The Laudato Si 7 year Action plan is a journey towards total sustainability in the spirit of Laudato Si giving attention to the 7 Laudato Si Goals (LSGs): The Cry of the Earth, The Cry of the Poor, Ecological Economics, Adoption of Simple Life Styles, Ecological Education, Ecological Spirituality and Emphasis on Community Involvement and Participatory Action. See a reflection on (1) The Cry of the Earth, (2) The Cry of the Poor, (3) Ecological Economy.
Calling for adoption on simple lifestyles it is a call for sobriety in the use of resources and energy, avoiding single-use plastic, adopting a more plant-based diet and reducing meat consumption, greater use of public transport and avoid polluting modes of transportation, and behaviors such as these.
Pope Francis reminds us, “All of us can cooperate as instruments of God for the care of creation, each according to his or her own culture, experience, involvements and talents” (LS, 14), and, everyone can adopt a simple lifestyles. As a fourth of LSGs, the Adoption of Simple Life Styles is at the center of all the seven goals proposed by the Laudato Si encyclical.
Further, this commitment concerns more the other LSGs almost all the 7 social realities mentioned in the Encyclical - Families, Dioceses and Parishes, Schools, Universities and Colleges, Hospitals and Health Care Centers, Businesses and Agricultural Farms, Religious Orders. It is, therefore, useful to see in which way each one of these seven groups of institutions could and should answer, “The urgent challenge to protect our common home” and “bring the whole human family together to seek a sustainable and integral development, for we know that things can change” (LS, 13).
However, in our globalized world financial power it is at center of any good and bad plan and action concerning our common house, it should adopt good practices, as its own ‘simple Lifestyles’, since it is the first to adopt sobriety in the use of resources and energy.
Actually, on April 4th2021, Pope Francis brought to the world’s attention this issue writing a message to the Participants in the 2021 Spring Meetings of the World Bank Group and International Monetary Fund, those he calls to assume at full their social and financial responsibilities. “For all our deeply-held convictions that all men and women are created equal, many of our brothers and sisters in the human family, especially those at the margins of society, are effectively excluded from the financial world. The pandemic, however, has reminded us once again that no one is saved alone.”

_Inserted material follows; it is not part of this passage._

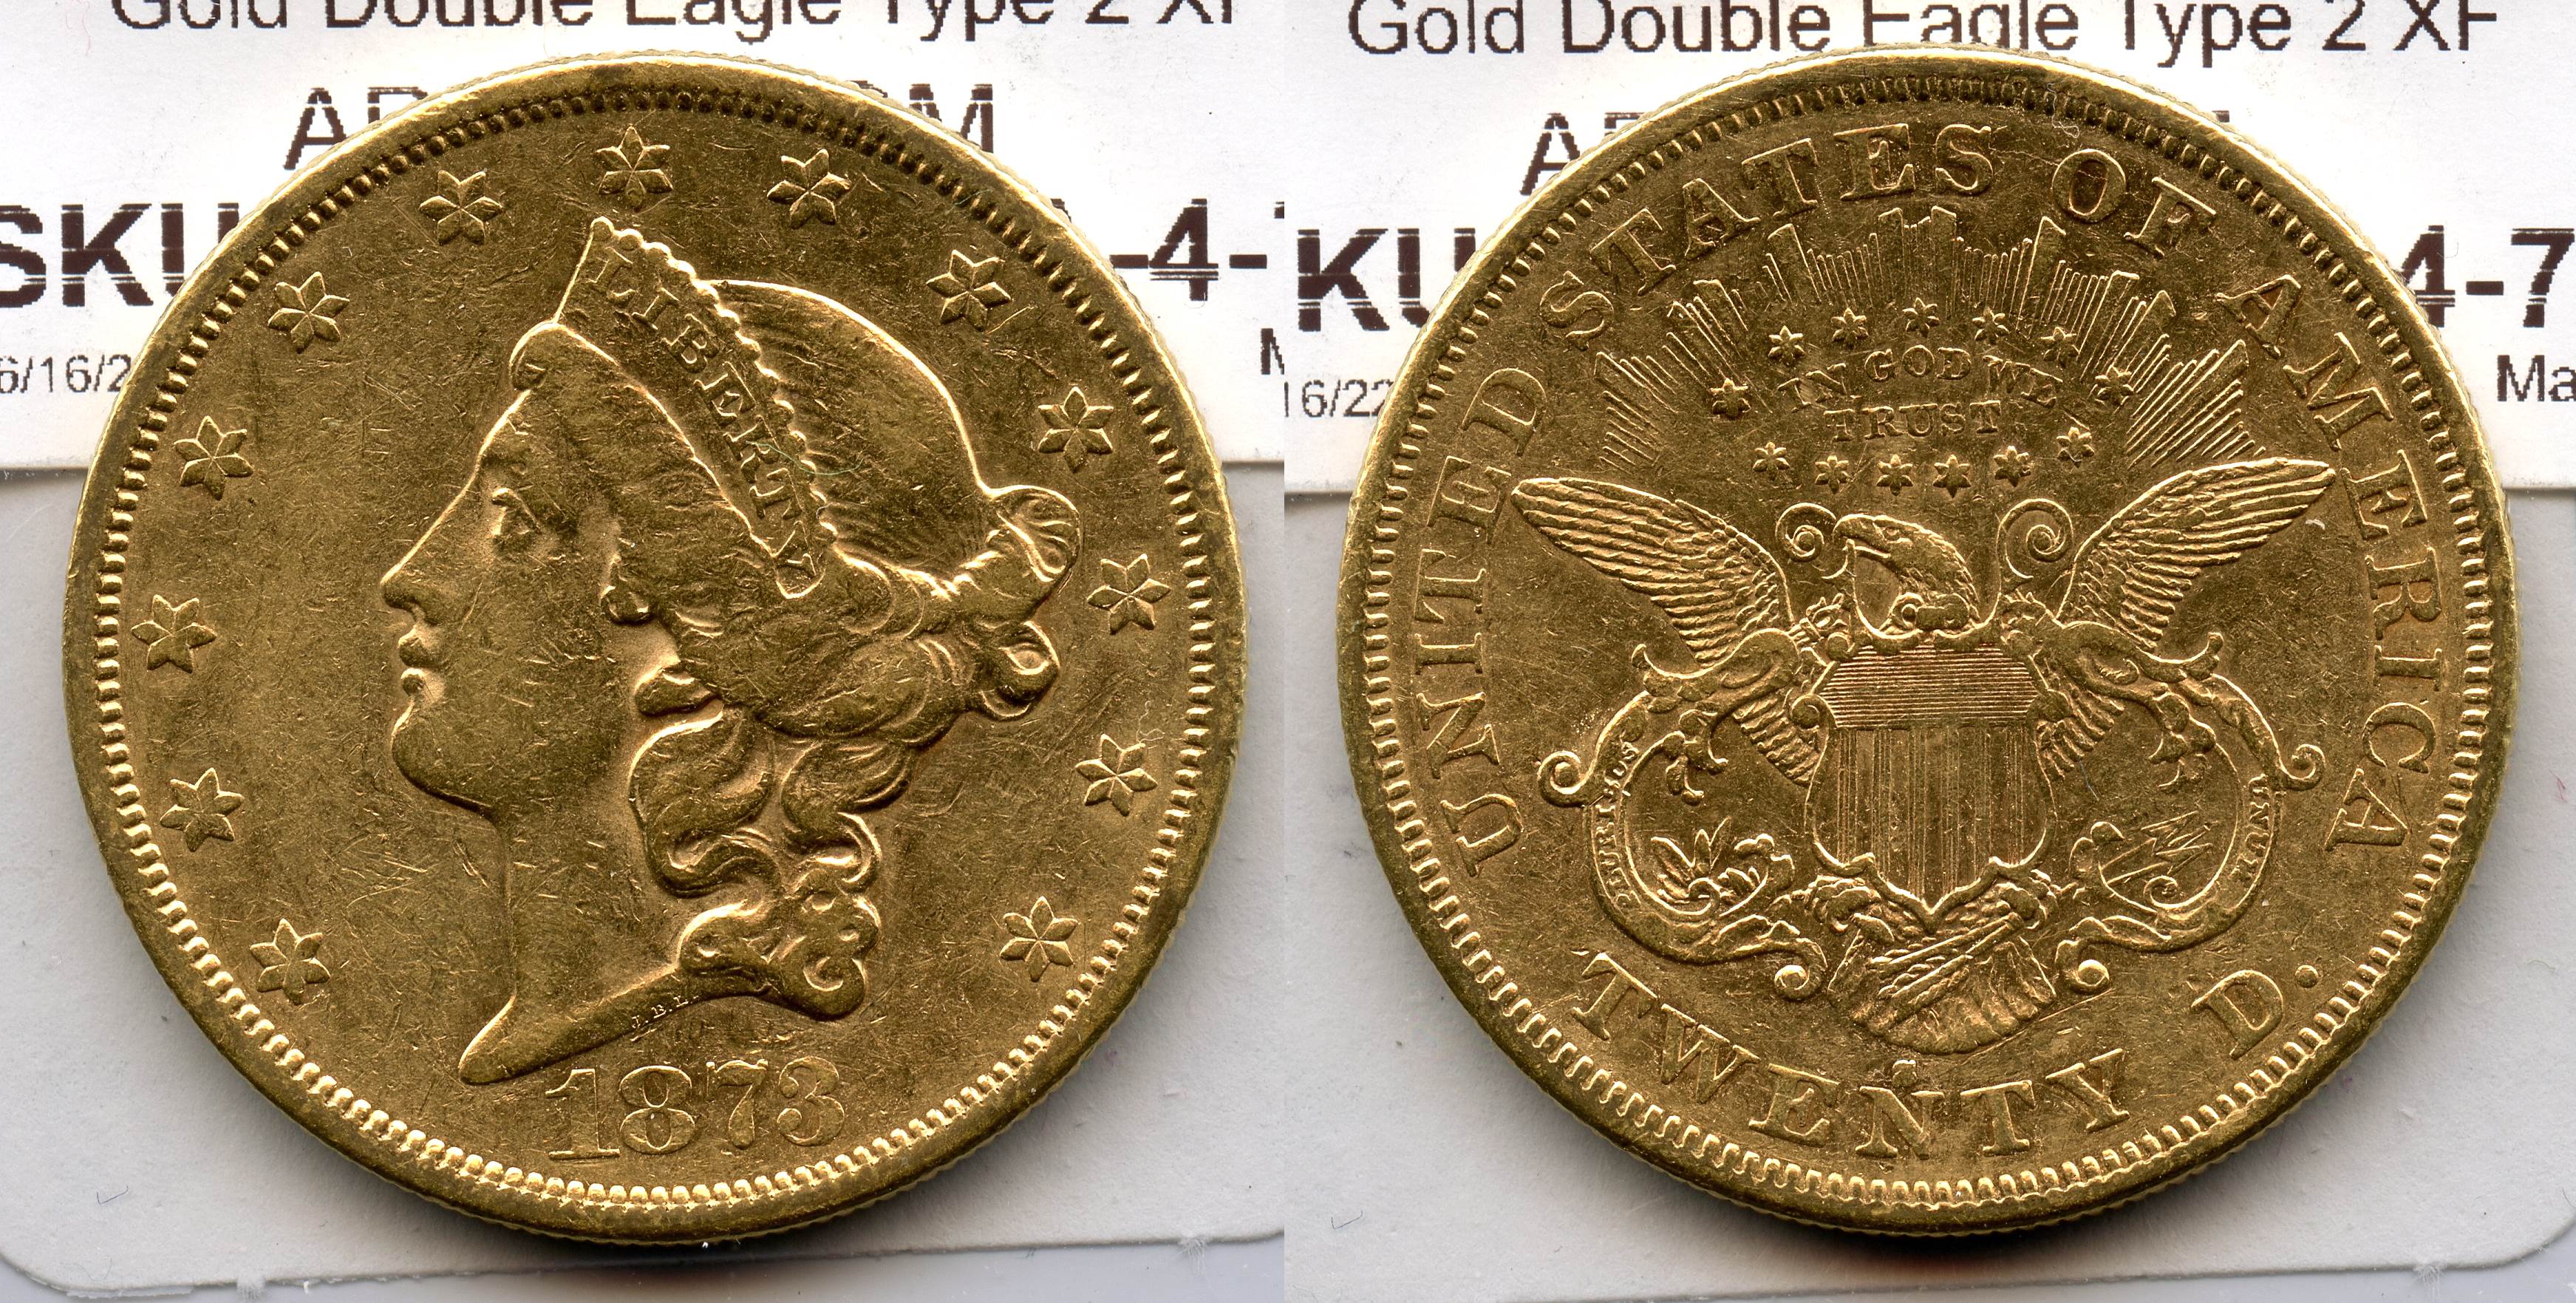 1873-S Closed 3 Liberty Head $20.00 Gold Double Eagle EF-40 #a large

This conviction should focus the discussions that “contribute to a model of ‘recovery’ capable of generating new, more inclusive and sustainable solutions to support the real economy, assisting individuals and communities to achieve their deepest aspirations and the universal common good.” However, “The notion of recovery cannot be content to a return to an unequal and unsustainable model of economic and social life,” where a minority of the population owns half of its wealth.

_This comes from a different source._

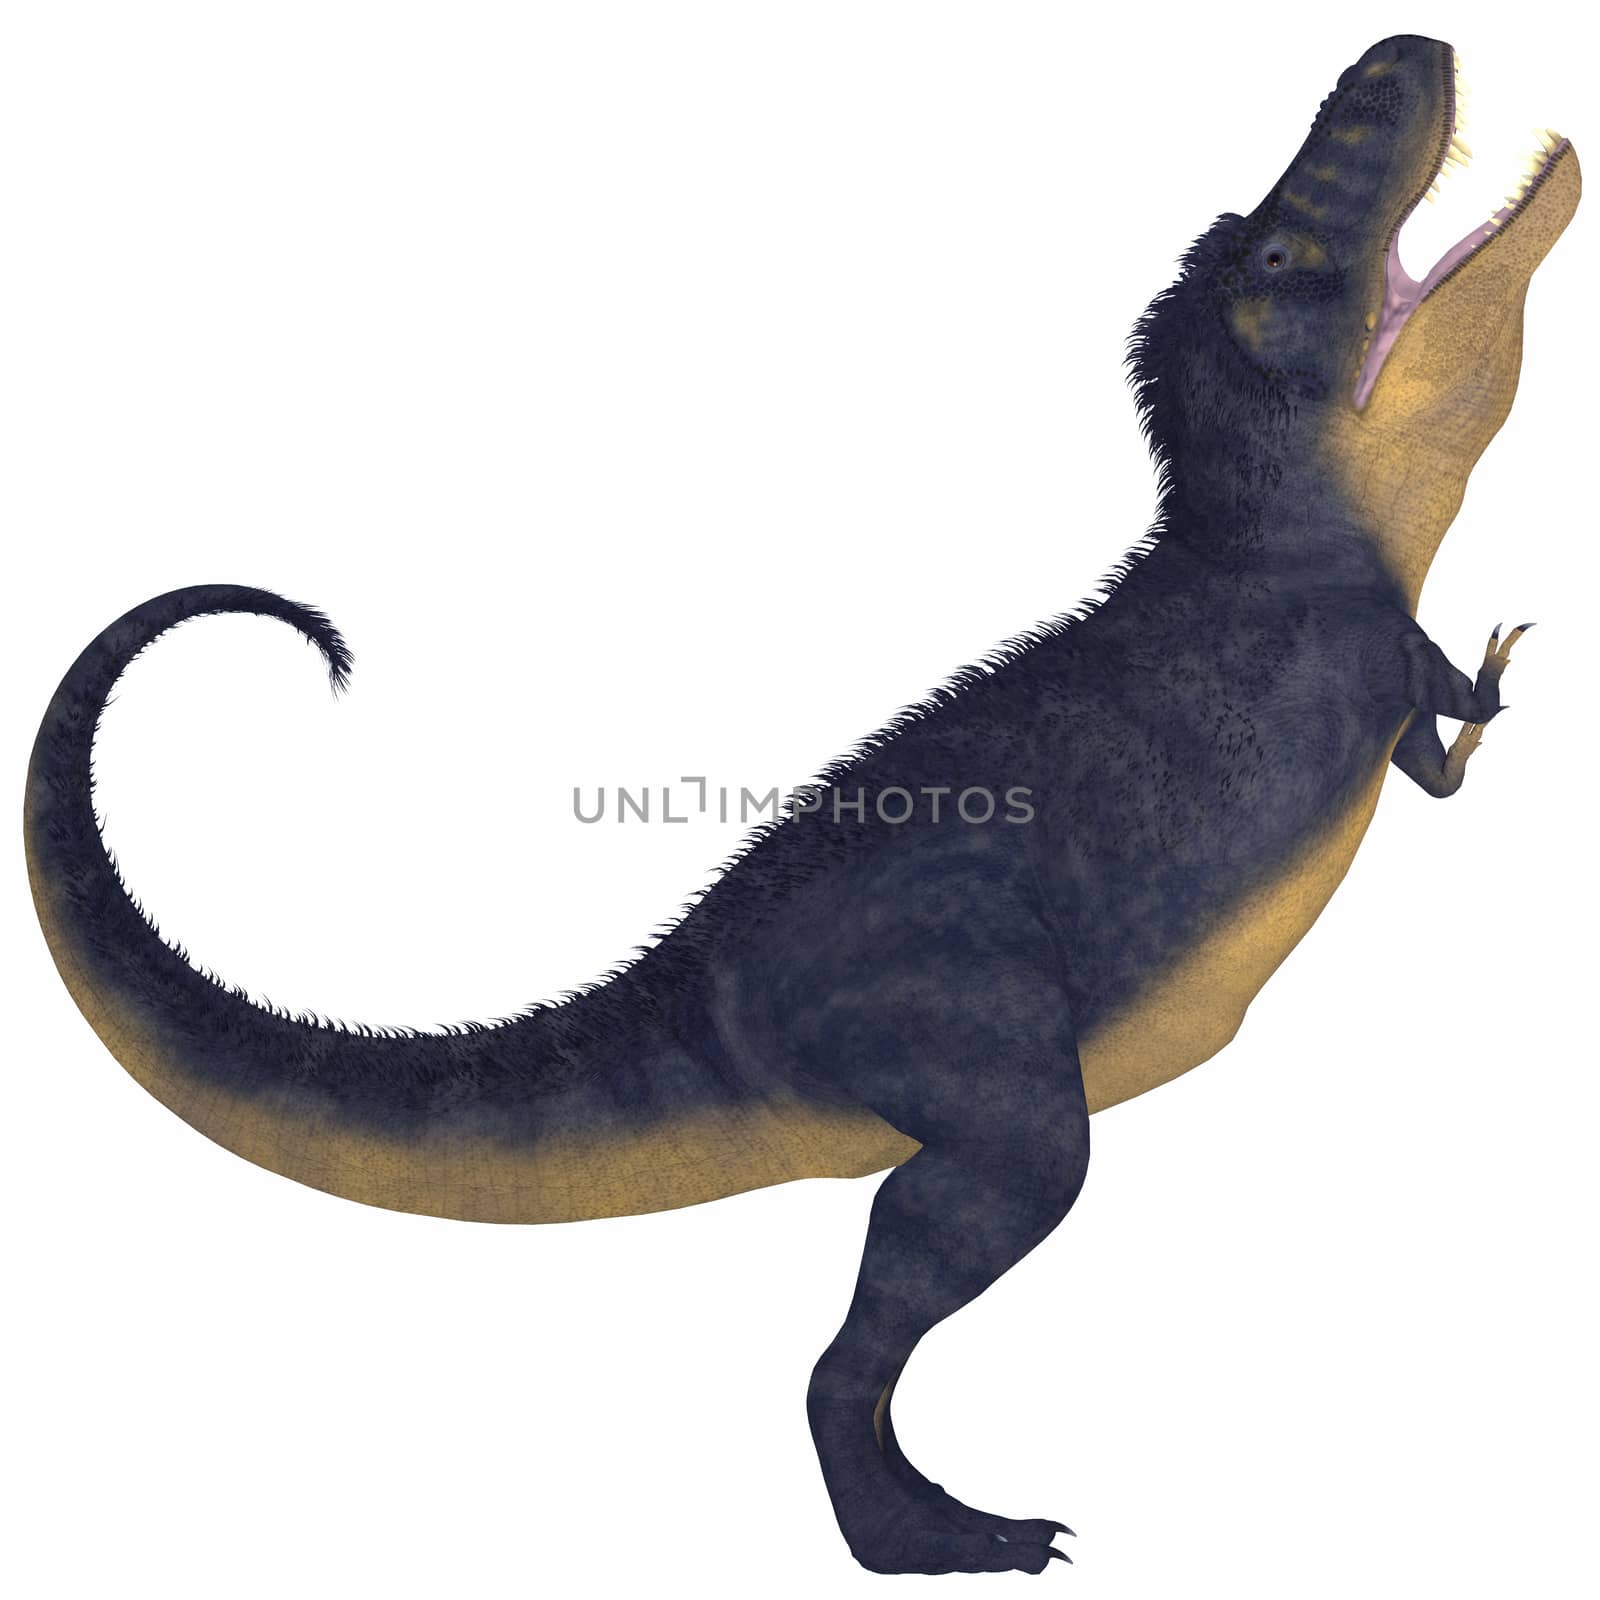 Tyrannosaurus Rex lived in North America in the Cretaceous Period and was an intimidating predator.

Sometimes, pope Francis seems repetitive, in fact having cleared the central evangelical values, he tries to send them through in many and varied way, always aiming at the essential.
Here he focuses in bringing the attention to ecological conversion that only when adopted by all can simple life styles be assured. “Nor can we overlook […] the ‘ecological debt’ that exists especially between the global north and south. We are, in fact, in debt to nature itself, as well as the people and countries affected by human-induced ecological degradation and biodiversity loss.”
Therefore he calls “the financial industry, which is distinguished by its great creativity”, to prove its capacity of developing mechanisms for calculating this ecological debt. Developed countries should pay it “by significantly limiting their consumption of non-renewable energy or by assisting poorer countries to enact policies and programs of sustainable development.” And by “covering the costs of the innovation required for that purpose”, even the impoverished countries can afford a simple lifestyle, overcoming poverty without damaging nature’s life (See LSI, 51-52).”
If “all men and women are created equal,” those “many of our brothers and sisters in the human family, especially those at the margins of society,” cannot be either left behind in our journey toward a more dignified life, not be forced to destroy their habitat trying to survive.